With the pictures removed, retype the lines from the one holding "wife big tits in black bra - N" through the end of the records, exactly as written.

───

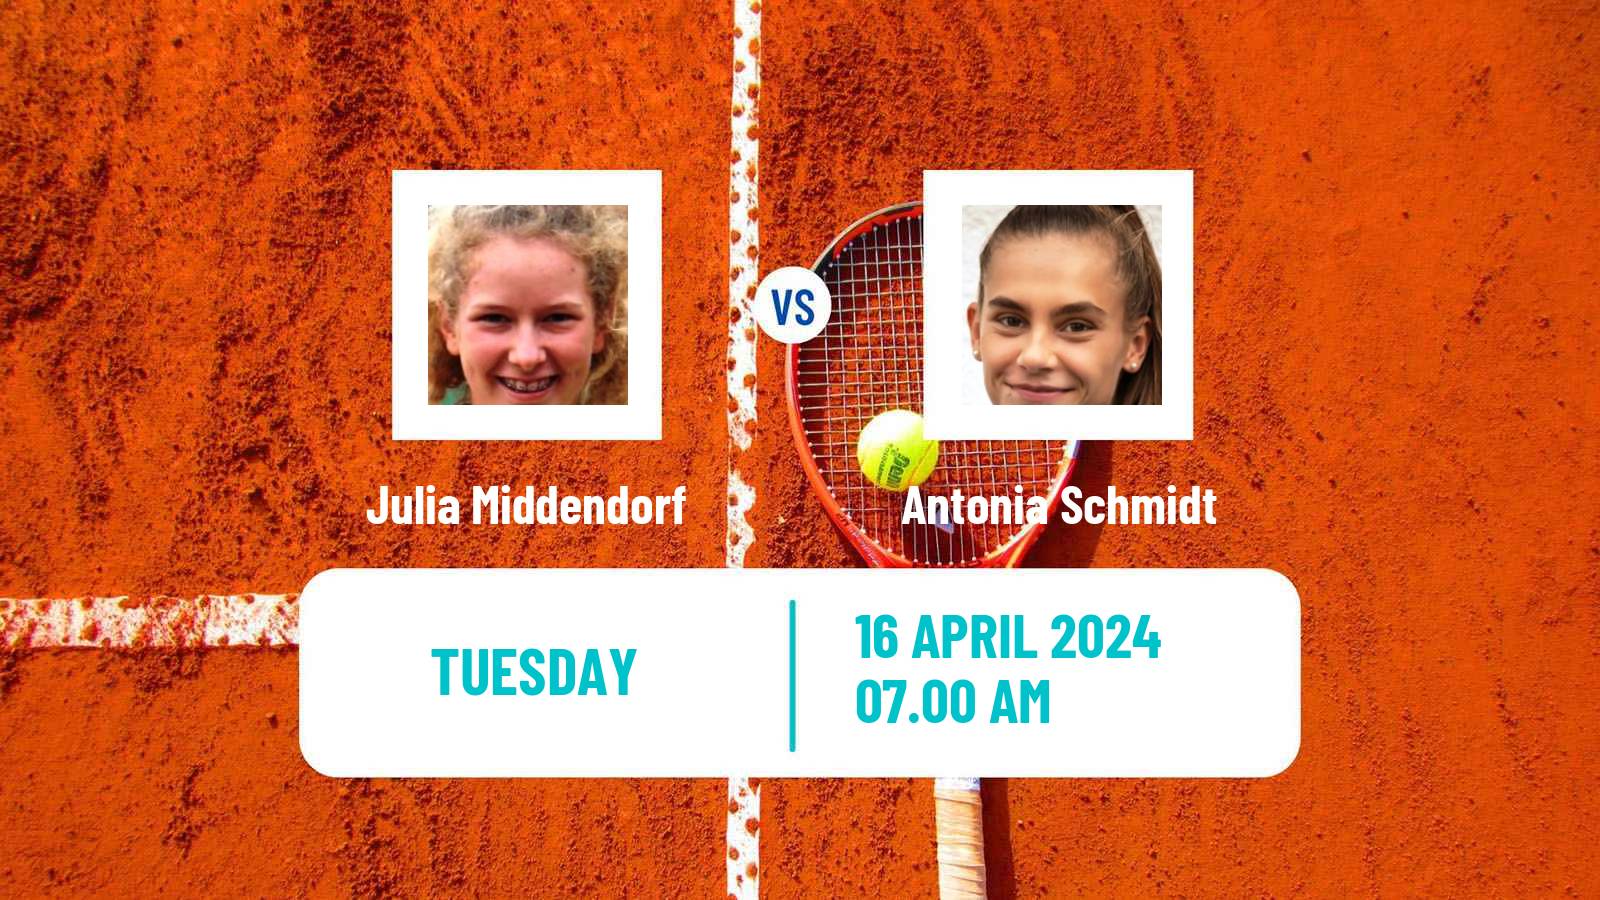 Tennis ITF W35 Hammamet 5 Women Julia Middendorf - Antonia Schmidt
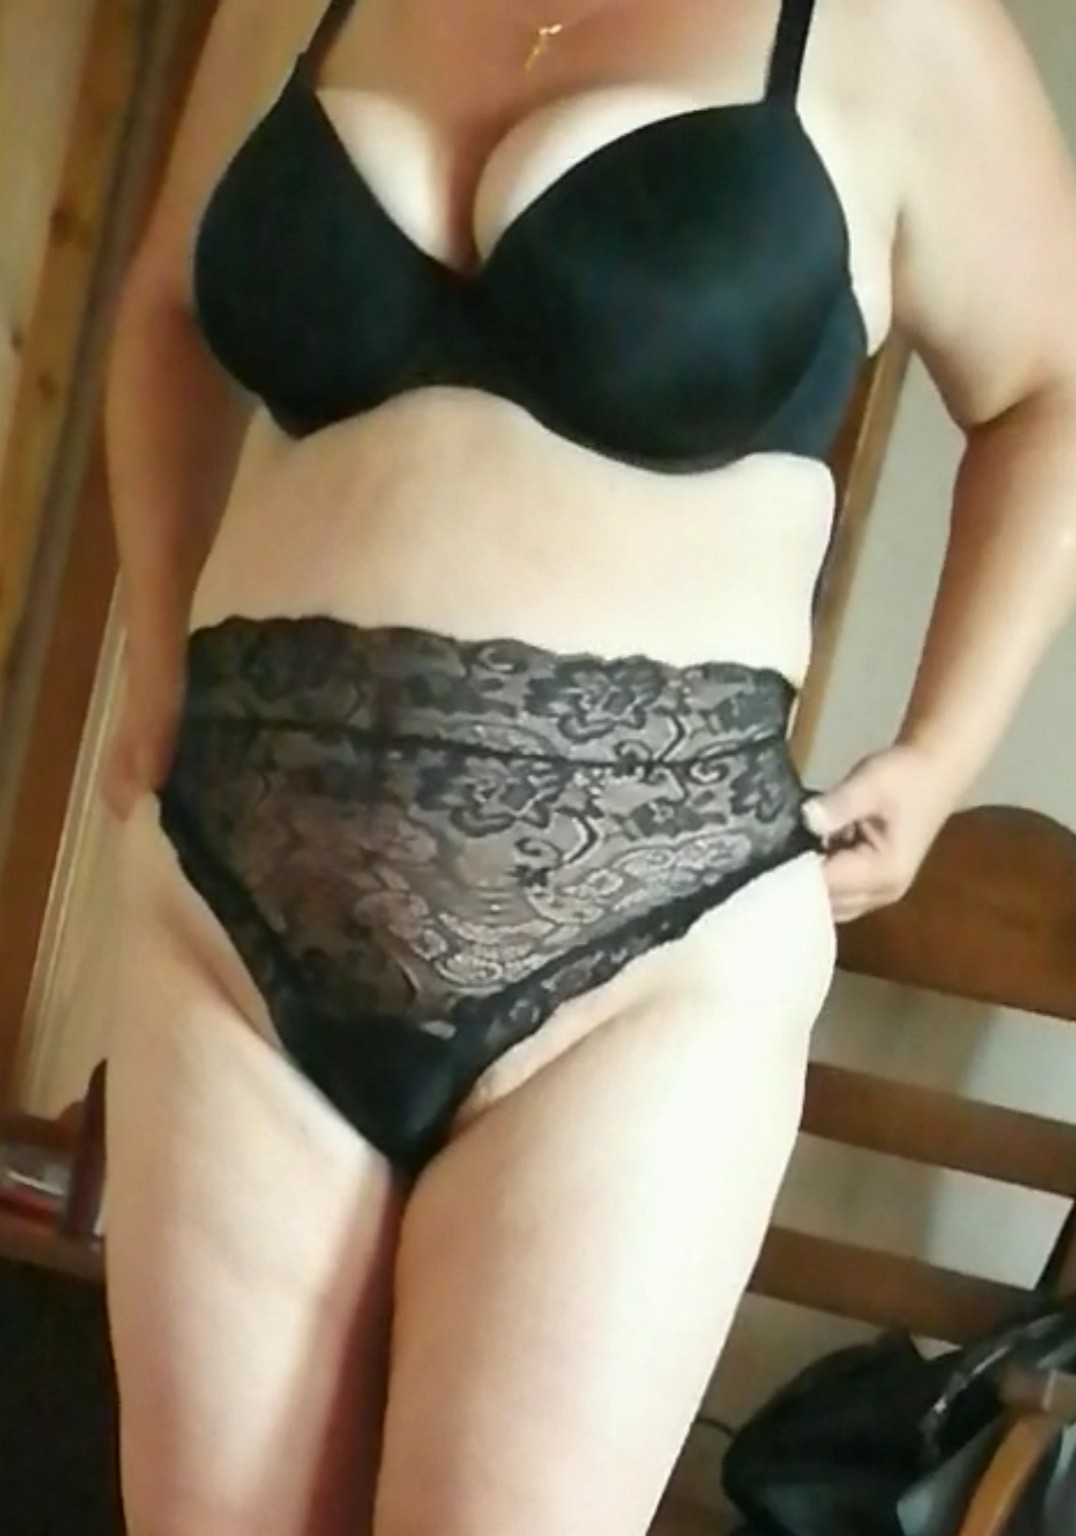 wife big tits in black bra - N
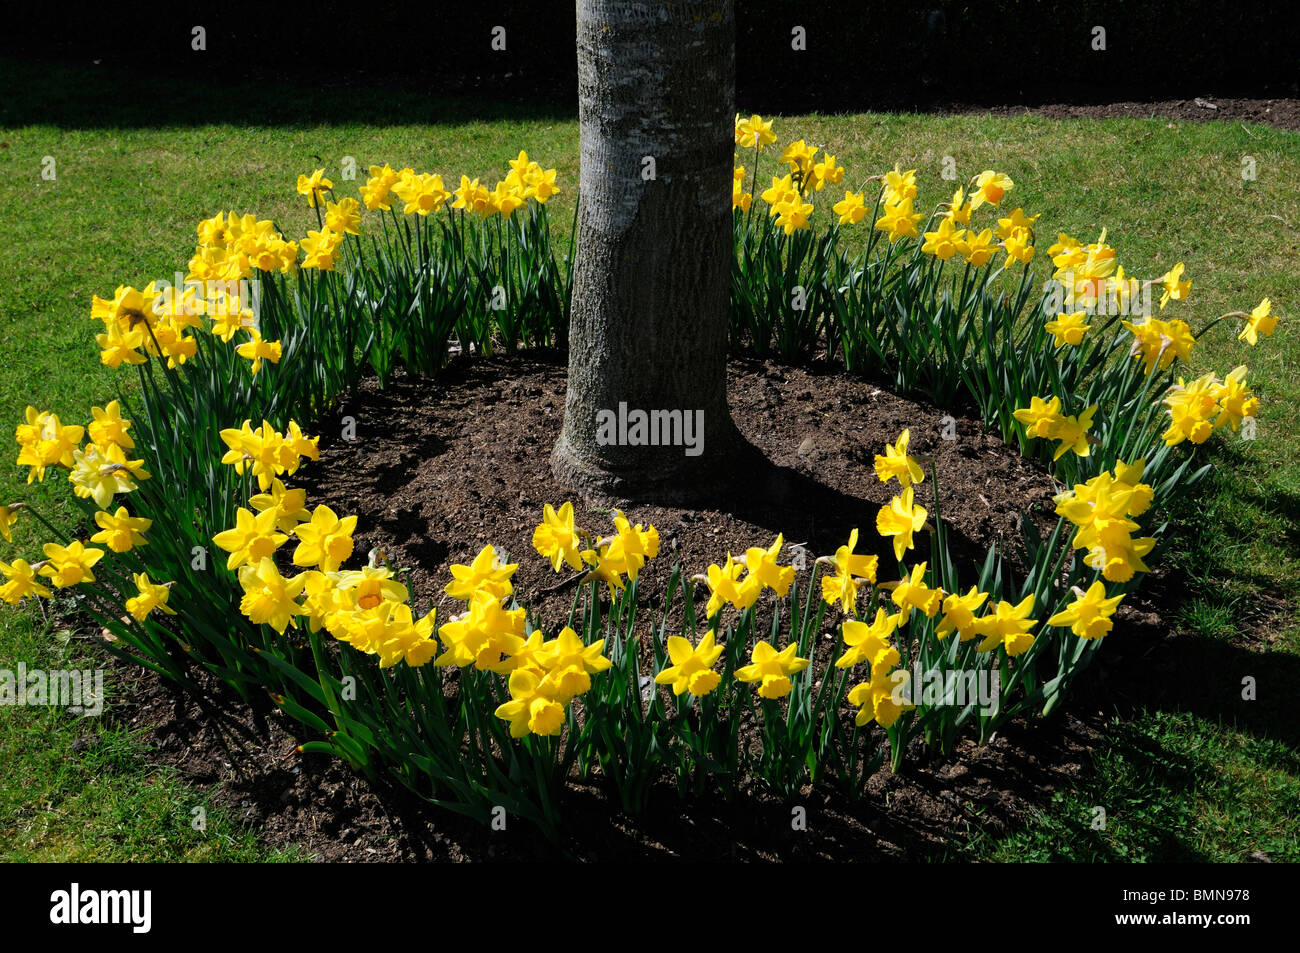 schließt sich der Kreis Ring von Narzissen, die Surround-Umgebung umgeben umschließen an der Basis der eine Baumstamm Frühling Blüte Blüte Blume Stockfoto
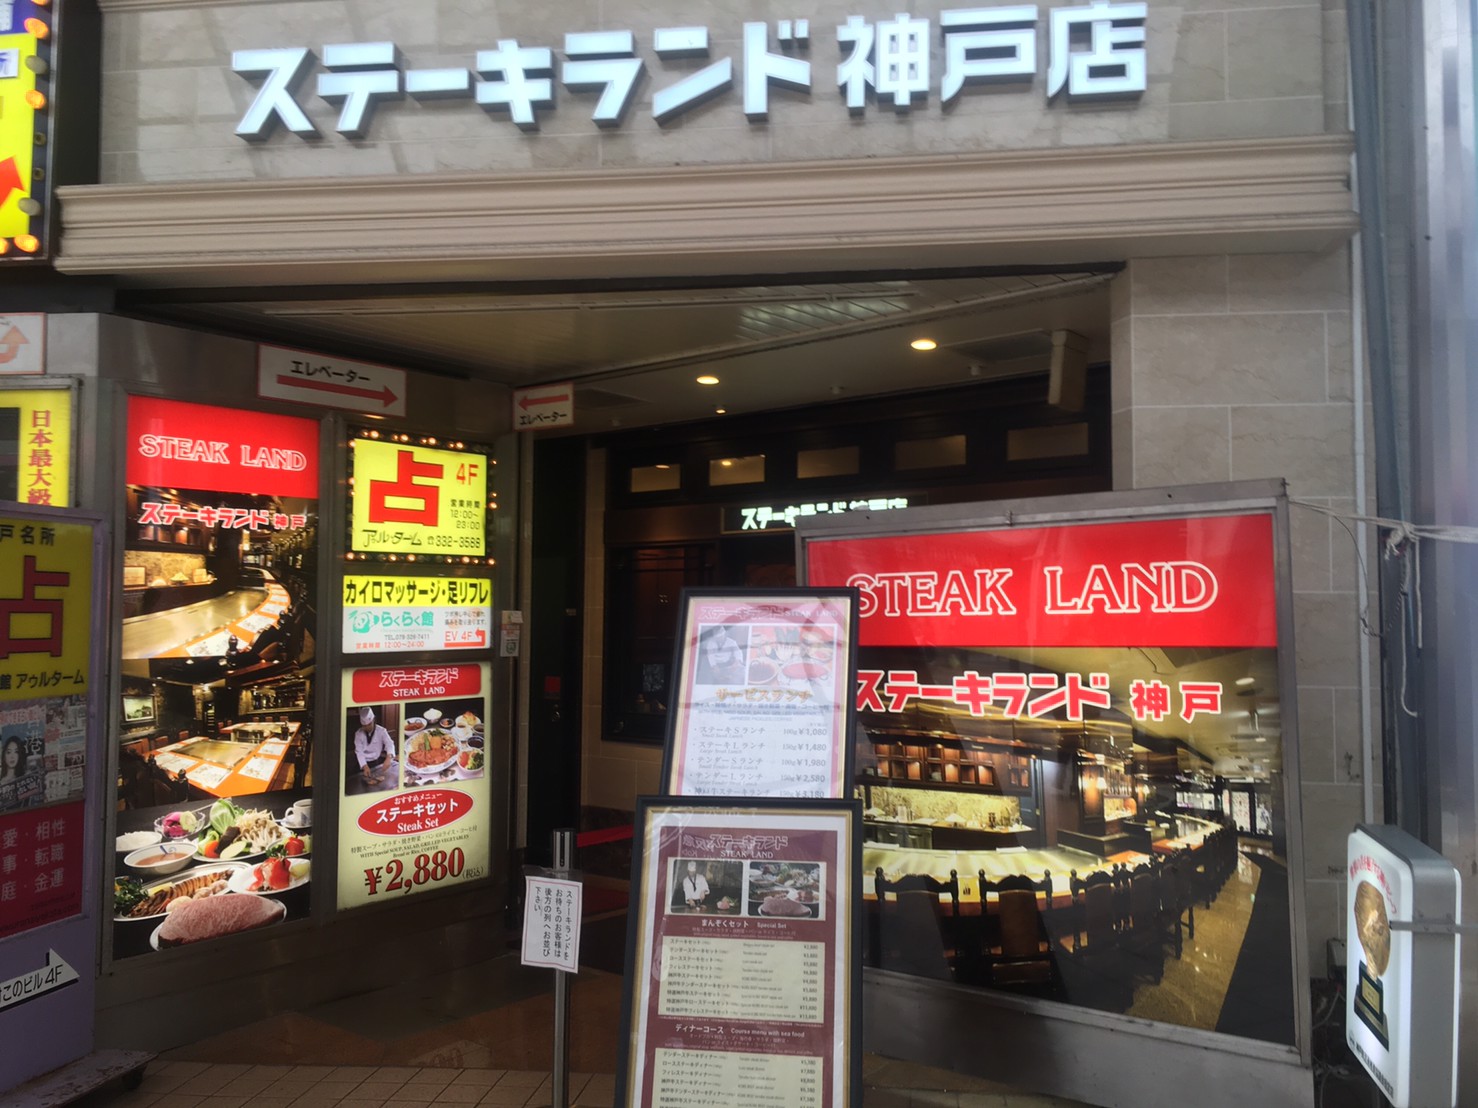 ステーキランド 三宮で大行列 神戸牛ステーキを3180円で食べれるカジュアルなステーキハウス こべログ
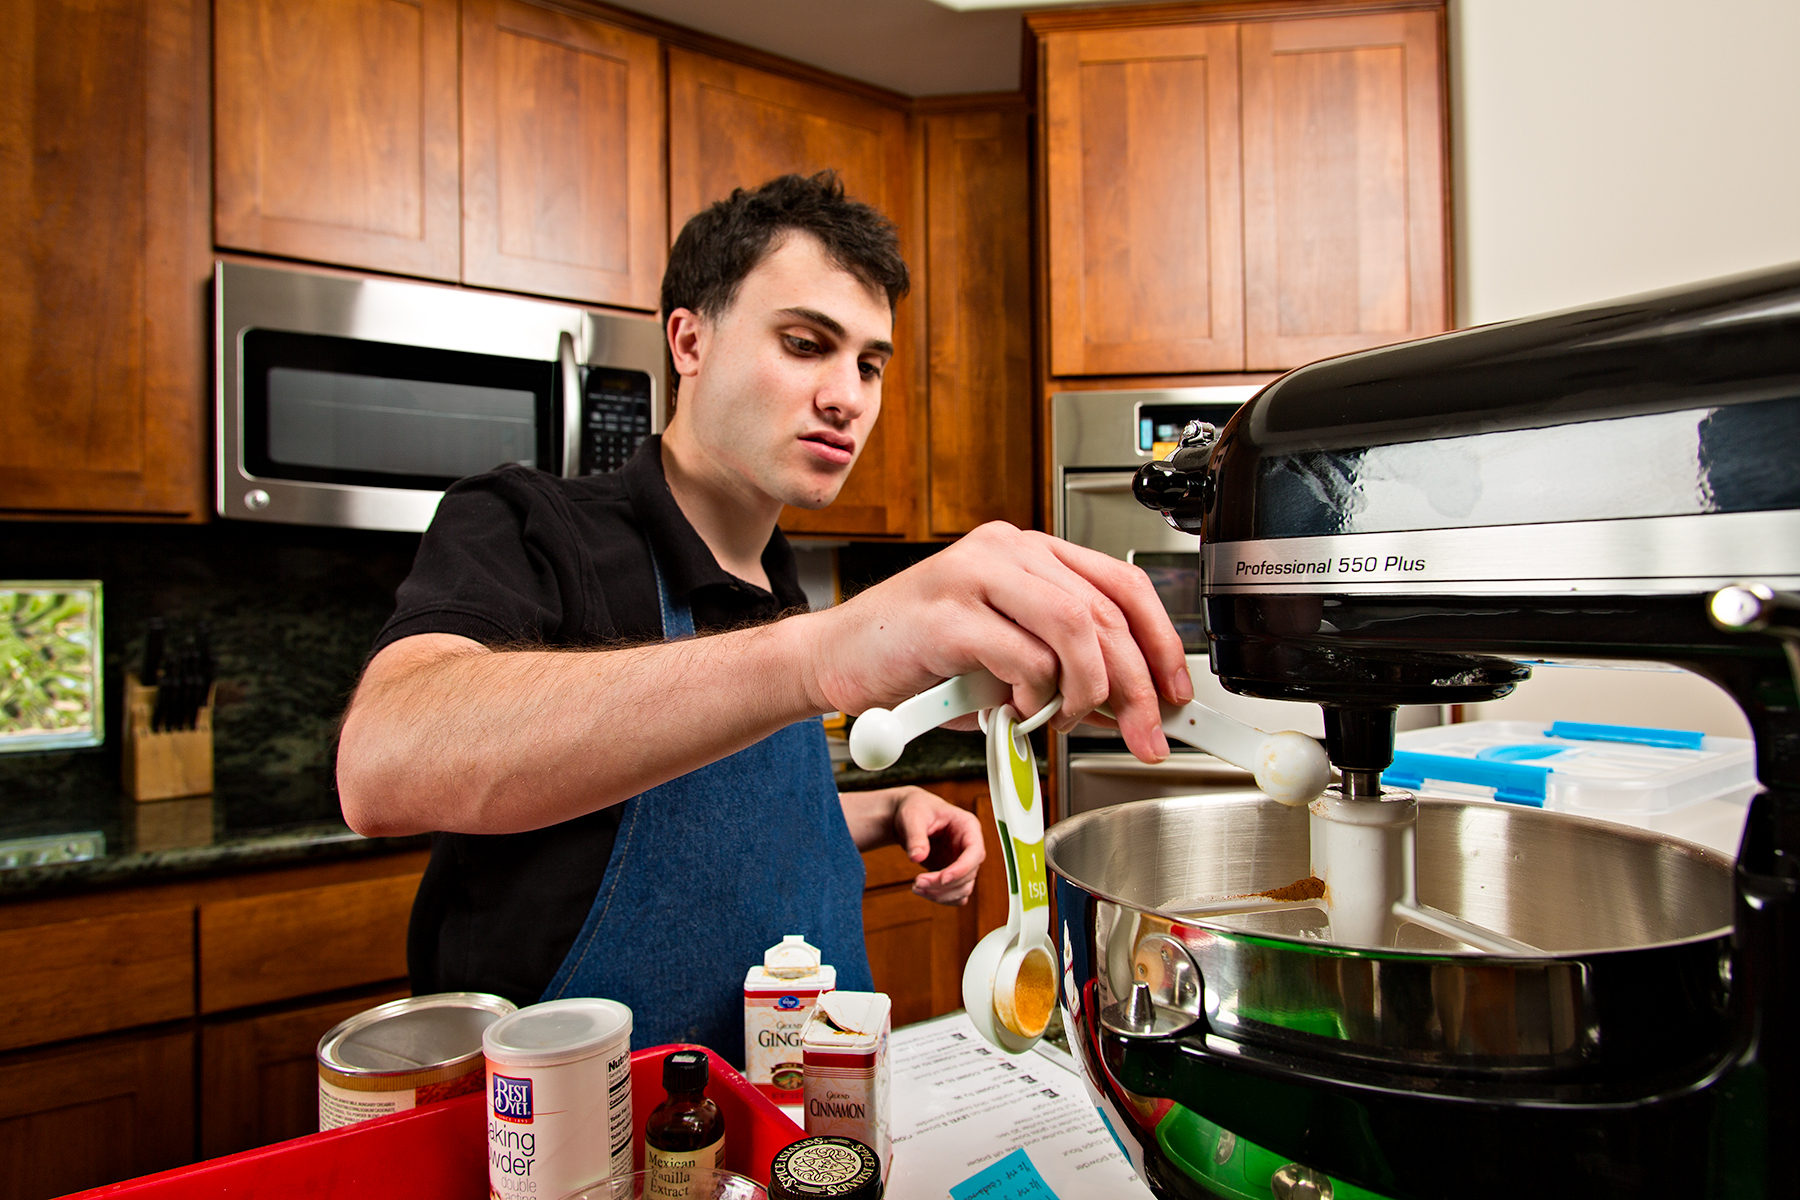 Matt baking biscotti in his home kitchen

───

= Solution for this task =
 wife big tits in black bra - N
 schließt sich der Kreis Ring von Narzissen, die Surround-Umgebung umgeben umschließen an der Basis der eine Baumstamm Frühling Blüte Blüte Blume Stockfoto
 ステーキランド 三宮で大行列 神戸牛ステーキを3180円で食べれるカジュアルなステーキハウス こべログ
 Matt baking biscotti in his home kitchen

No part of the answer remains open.